In contrast, today’s most massive galaxies — their descendants — typically have large bulges. They are shaped like watermelons, and are called elliptical galaxies, which contain just a bulge, and lenticular galaxies, which have both a bulge and a disk.

“These massive galaxies of the past are five times more likely to be disk-shaped than their descendants,” Weinzirl said.

Another difference is that “many of these disky massive galaxies are prodigious star factories,” Jogee said. “They are churning new young stars over 100 times faster than present-day massive galaxies.”

Finding such a large fraction of massive galaxies with disk-like properties two to three billion years after the Big Bang has far-reaching implications. “It challenges models of galaxy growth, particularly the popular idea that galaxies grow in mass primarily via the violent major merger of galaxies,” Jogee said.

A “major merger” is the violent merger of two galaxies of similar mass, and it can radically transform two merging spiral galaxies into a new system that is no longer a disk-dominated galaxy, but instead has a prominent bulge. If major mergers dominated galaxy growth at early cosmic epochs, one would expect to find most galaxies to be dominated by bulges rather than by disks.

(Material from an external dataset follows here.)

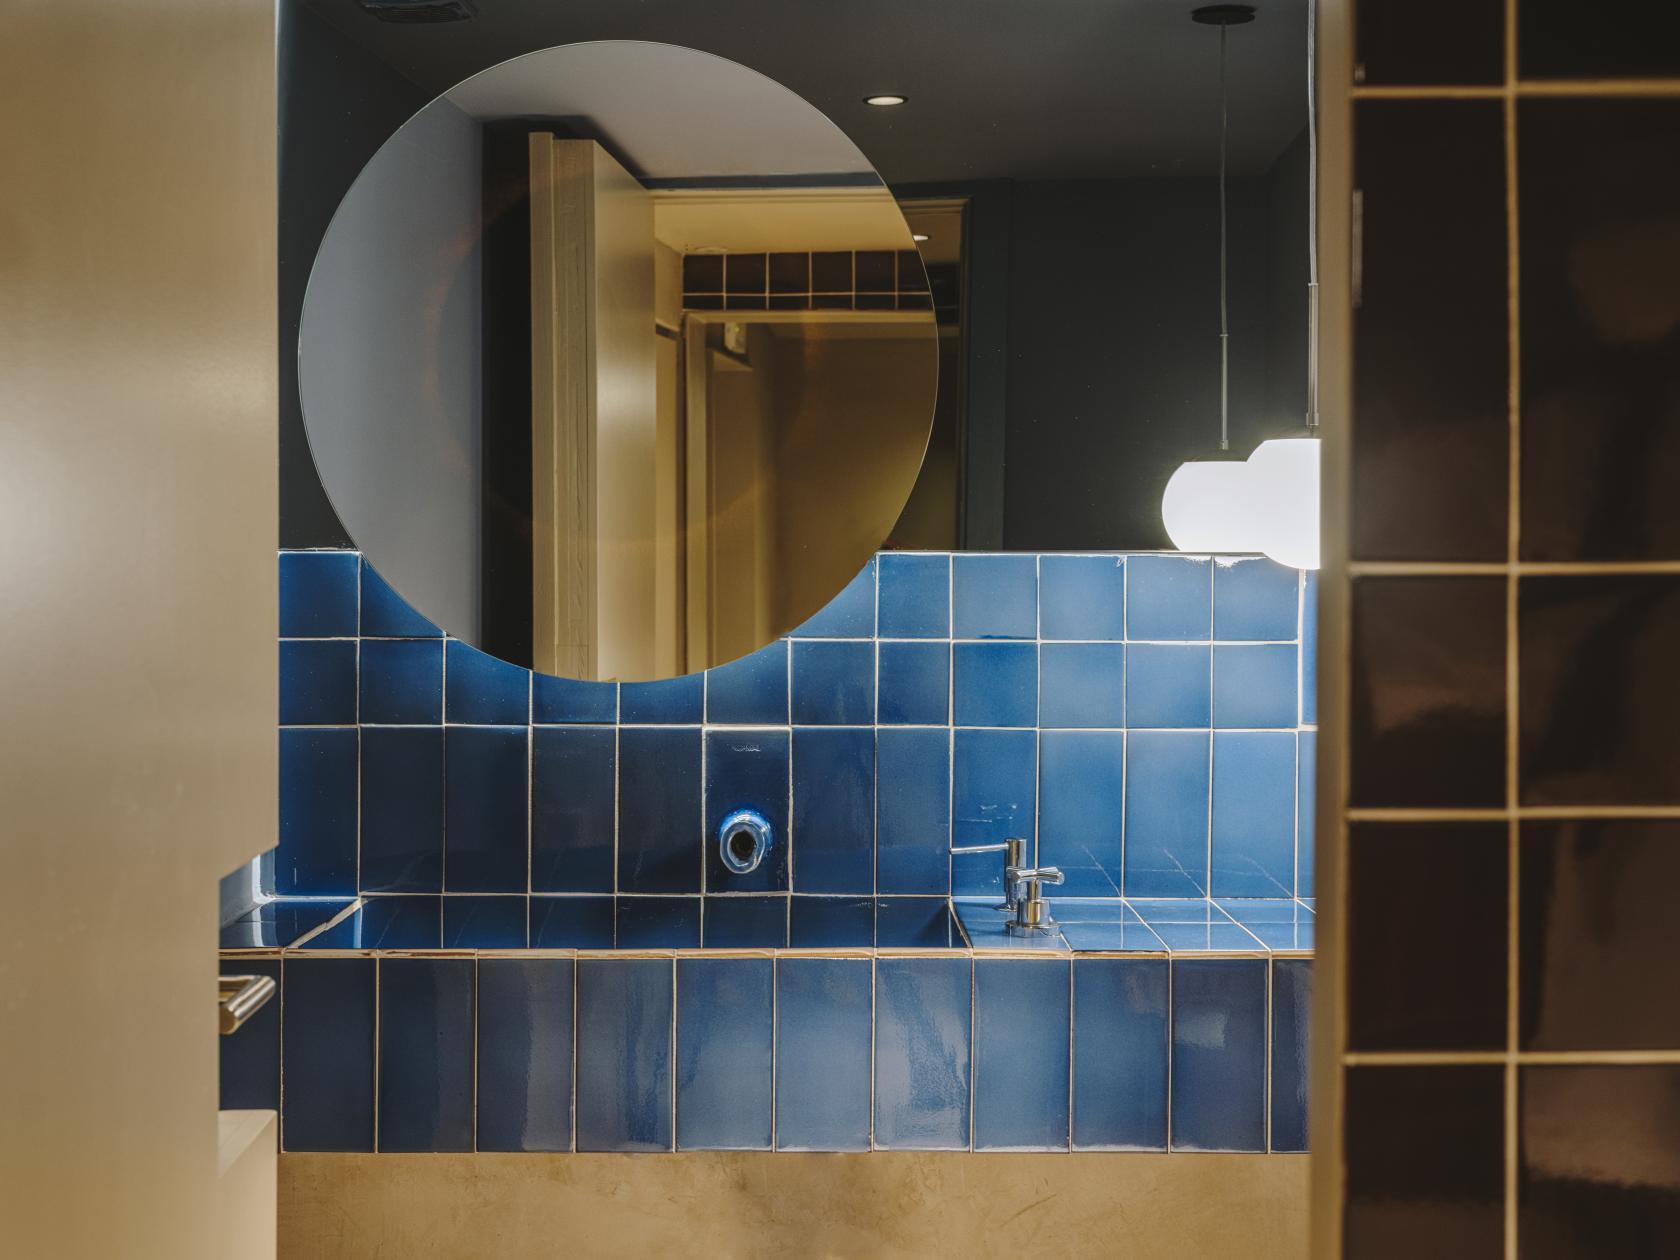 Glazed tiles in the bathrooms

“Even considering the latest theoretical simulations of more extreme, very gas-rich major mergers does not solve the problem,” Weinzirl said. Instead, the results suggest that another process, called “cold mode accretion” plays a key role in growing massive galaxies at early cosmic epochs. In that process, galaxies grow in mass by accreting cold gas from large-scale cosmological filaments.

Weinzirl and Jogee’s study raises a second baffling challenge. Just like toddlers growing up, these massive young galaxies are expected to increase their mass over time. They have to turn into the most massive galaxies present in today’s universe, the elliptical and lenticular galaxies. This transformation is nothing short of dramatic, as the progenitors and descendants are radically different in size, shape, and structure.

Their study showed that as many as 40 percent of the young massive galaxies are ultra-compact — half of their light and mass are jam-packed into a small amount of space (less than 65,000 light-years in radius), Weinzirl said. In contrast, less than 1 percent of their descendants, today’s massive elliptical and lenticular galaxies, are ultra-compact. Most are much larger and more spread out.

Furthermore, while many of the massive young galaxies are disky galaxies — shaped like thick pancakes — massive ellipticals and lenticulars tend to be dominated by bulges — shaped like watermelons.

“While major mergers can morph some disky galaxies into bulgy ones, and produce part of observed growth in size, there simply does not seem to be enough major mergers to produce the full blow-up in size needed,” Jogee said.

Instead, some of the latest theoretical simulations suggest that minor mergers — in which a large galaxy swallows a smaller galaxy — might hold the key.

“Minor mergers are much more common than major ones because there are more lower-mass galaxies than there are very massive galaxies,” Weinzirl said, and they “likely drive the growth of ultra-compact galaxies into more extended galaxies.”

“The bottom line is that our study, and a rising body of evidence from other lines of inquiry, now suggest that violent major mergers have been overrated. They are spectacular cosmic fireworks, but they do not necessarily drive galaxy growth at all epochs,” Jogee said.

There’s plenty more work to be done in understanding the evolution of massive galaxies. On the theoretical front, “simulations have yet to reproduce the widely diverse massive young galaxies, running the gamut from ultra-compact to extended disky systems, and from quiescent to widely star-forming,” Weinzirl said.

On the observational frontier, “we are thrilled that the next generation 25-meter Giant Magellan Telescope will provide unparalleled insights into massive young galaxies and the physics of major mergers at early cosmic epochs,” Jogee said.